Referrer (and initiator) are currently set to the page itself, though there's a question about changing the initiator, particularly for the bidder requests. We don't follow redirects (largely due to redirect caching potentially being a problem, though reusing bidder scripts is also currently a problem, which we do allow, since caching those between IGs learned on different sites can allow them to share information cached in the JS file itself), so the referrer policy doesn't currently matter.
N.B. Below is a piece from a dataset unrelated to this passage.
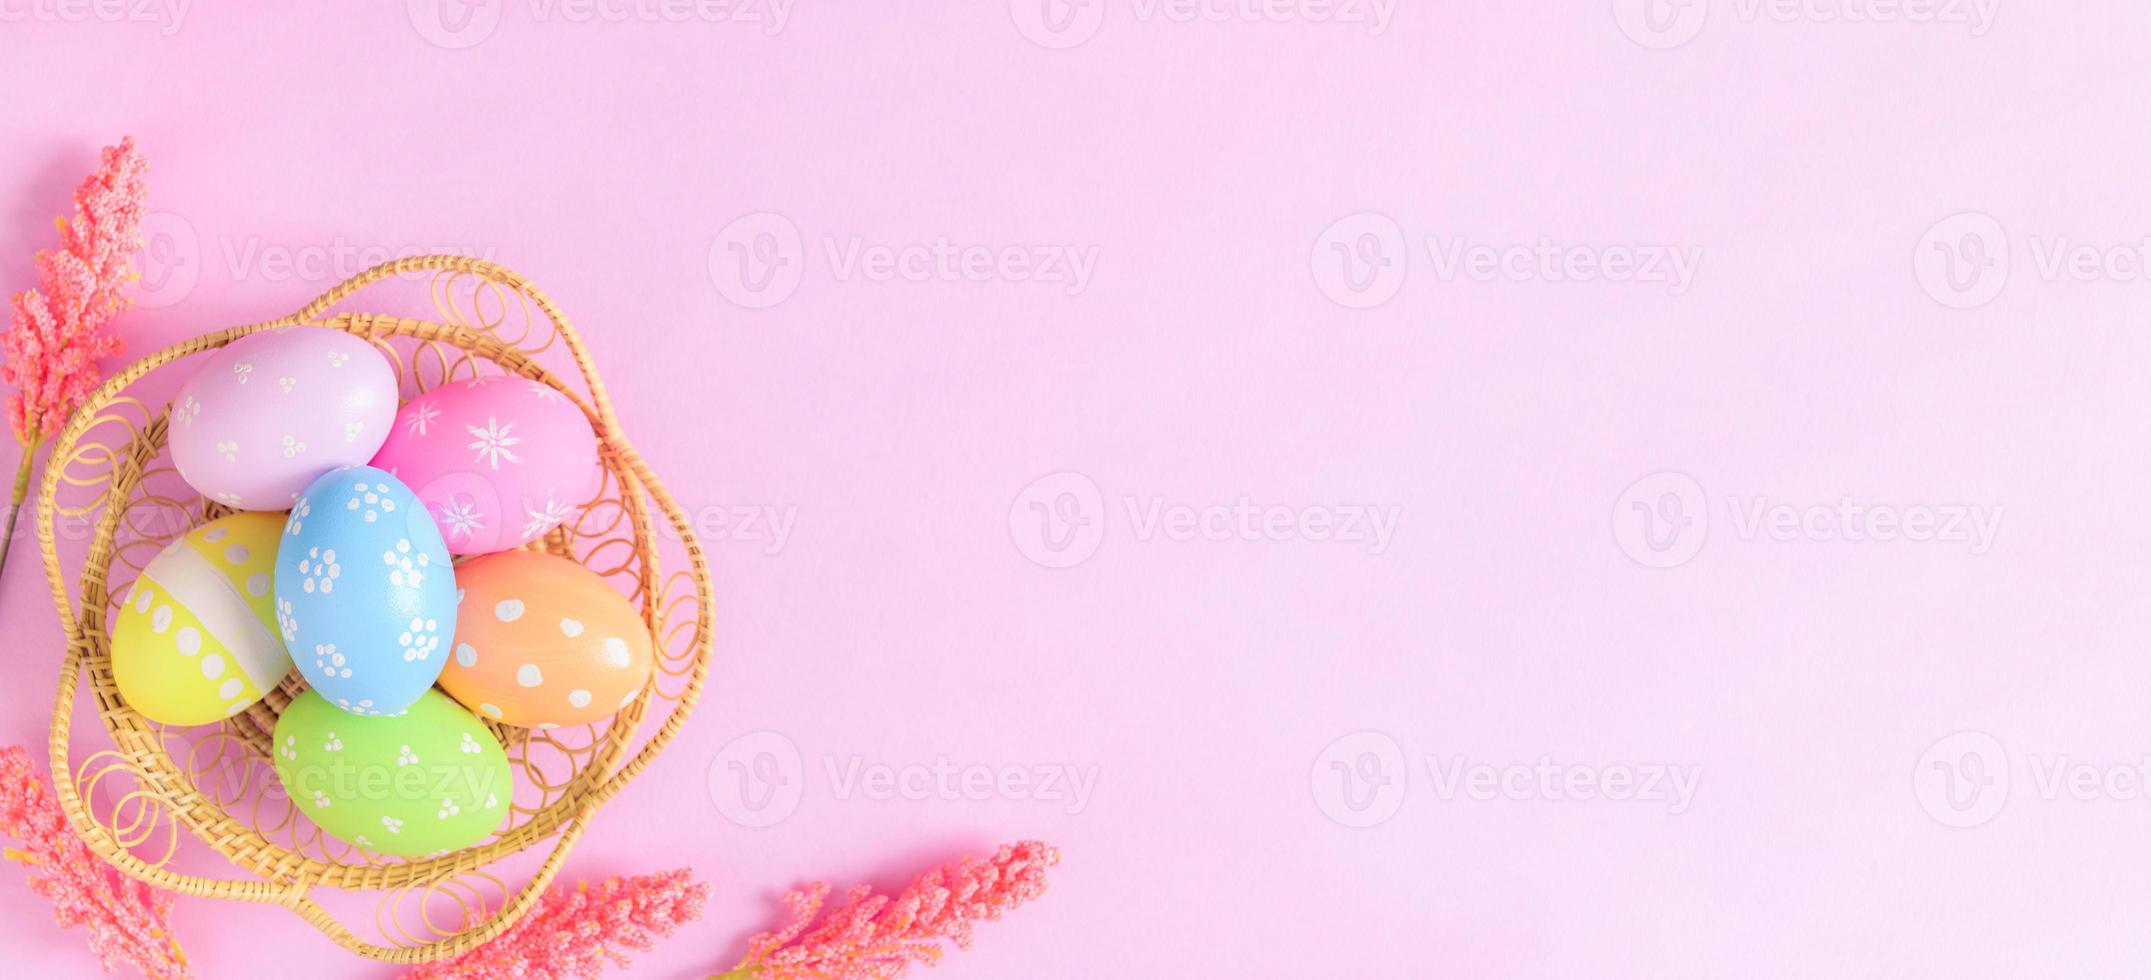 Lycklig påsk Semester hälsning kort begrepp. färgrik påsk ägg och vår blommor på pastell rosa bakgrund. platt lägga, topp se, kopia Plats. foto
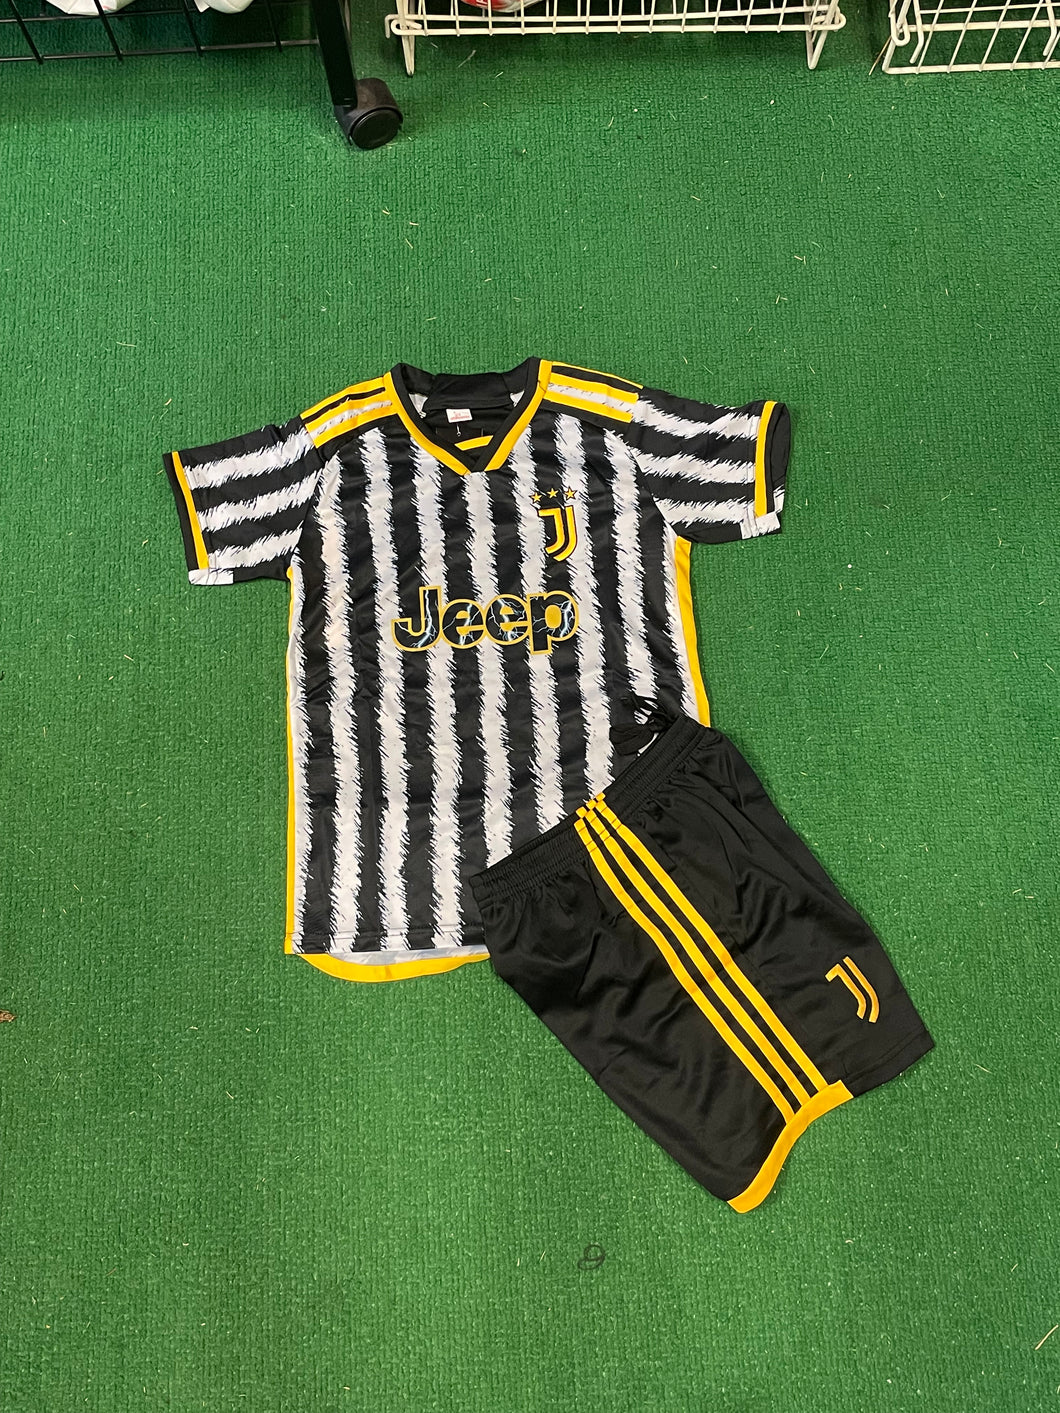 Juventus Youth Home Kit 23/24

For the seller worklet JS fetch (and WASM, I believe), we currently inherit network-state side stuff from the real network loader used by the page (including the origin lock, network partition key, etc), since it is effectively a URL generated entirely by a 3rd party. For the bidder JS/WASM URLs, we make a pseudo-1p request context, with the site's cache partition (We need a better way to cache these in isolated partitions, at some point). For the signals requests, we give the requests their own isolated network partitions, to avoid leaking information to any other contexts. The seller signals URL is a bit funky, as the base URL is specified by a 3rd party, so just what we should do there is probably worth a bit more thought (and this problem, in general, is certainly worth thinking about more).

[MattMenke2]

And just to be explicit: All leaks concerning using an SW are nearly identical to using the browser cache associated with a particular network partition key. We still need to figure out how to address the latter, while still caching JS files.

[qingxinwu]

PR updating service worker mode is merged.

Copying the comment from that PR here:
Our implementation uses default "all" for service worker mode, not "none". However, given the fact that all of these requests have a null client, one of the side-effects of this is neutering all service worker interception (effectively "none" although set to default "all), despite not having to set the service workers mode. The service worker interception algorithm returns at step 15.2 (our request has the default kEmpty destination, so it's a subresource request), and nothing happened before this step.

[domfarolino]

Thanks a lot! In that case, I think this can be closed. Do you agree? I'll close this, but re-open if you disagree.

[qingxinwu]

yes, I agree that this can be closed. Thanks!